At a time when voters distrust the political establishment and made it clear they were looking for a fresh face, Van der Bellen argued for making changes within the existing system, rather than trying to “destroy things” outright. Unlike Hofer, he believes Austria should remain in the EU and has spoken about its importance.
“We know that things need to change – but let’s not destroy things,” he said at his final rally on Friday. “You don’t need to demolish the house because a couple of windows have become loose.”
Van der Bellen’s election is still historic in its own right, and reflects Austrian voters’ anti-establishment sentiment in a different way: this is the first time in more than 50 years that Austria’s president did not come from the two major parties, the center-left Social Democrats or the center-right Austrian People’s Party.
Sunday’s election brings to a close an unusually long election campaign in Austria, and confirms election results from earlier this year: Van der Bellen initially won a May election against Hofer by about 31,000 votes, but the country’s constitutional court annulled the results after suggestions of voting irregularities. The court called for a re-vote which was ultimately not held until this weekend in early December, more than six months later.
In order to overcome his critics, Hofer had repeatedly attempted to assure voters he was not as extreme as had been suggested.
“I am just a normal guy,” he told reporters after his final rally in Vienna Friday. “I am not far-right.”
Van der Bellen, however, had framed the election as Europe’s first line of defense against the far-right. He called Mr. Trump’s election in the U.S. a “wake-up call” for Austria and for Europe more broadly, calling on voters across the continent to look for common ground and band together.
“I don’t want Austria to become the first western European nation where right-wing demagogues take power,” he said at a November news conference.
Defeating Hofer in Austria is only the first step in many for those who wish to keep the far-right out of power in Europe: several high-profile elections in 2017 will give similar forces an opportunity to increase their influence at the ballot box.
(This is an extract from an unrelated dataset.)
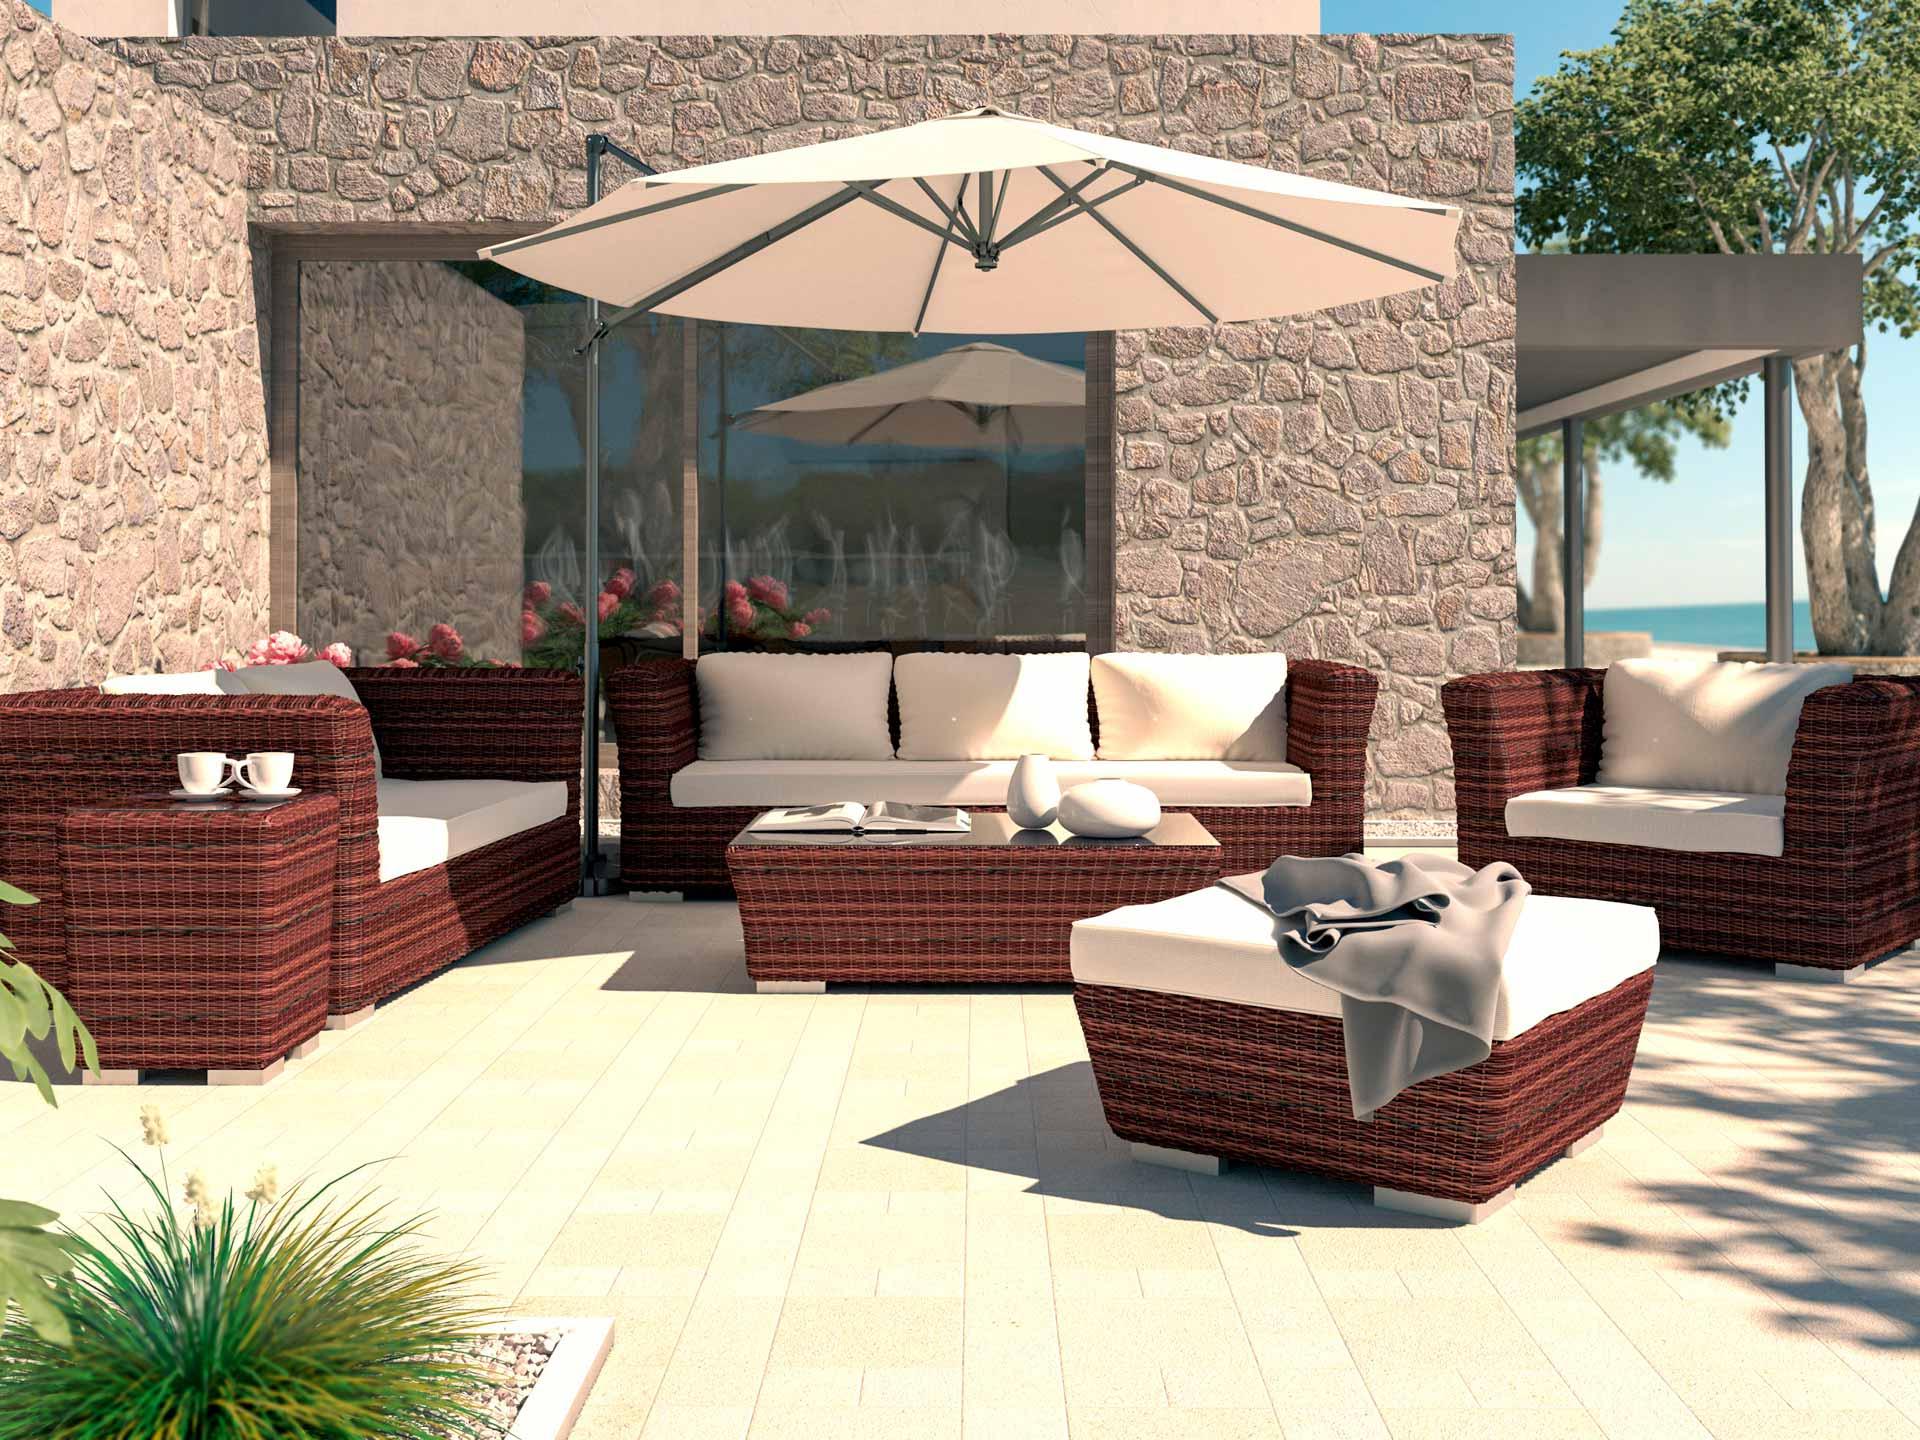 artelia terrassenm bel sitzgruppe rigantona aus polyrattan. Black Bedroom Furniture Sets. Home Design Ideas

In March, the Netherlands votes in parliamentary elections, where Dutch Freedom Party leader Geert Wilders has a chance at becoming the next prime minister. France votes for its next president in April and May, with the National Front’s Marine Le Pen poised to make it to the final round against Republican candidate Francois Fillon.
And in Germany, which votes next fall, Chancellor Angela Merkel is running for a fourth term but faces strong backlash over her policy on admitting refugees to Germany – an issue the far-right Alternative fur Deutschland (AfD) has capitalized on in an effort to win seats in the German parliament.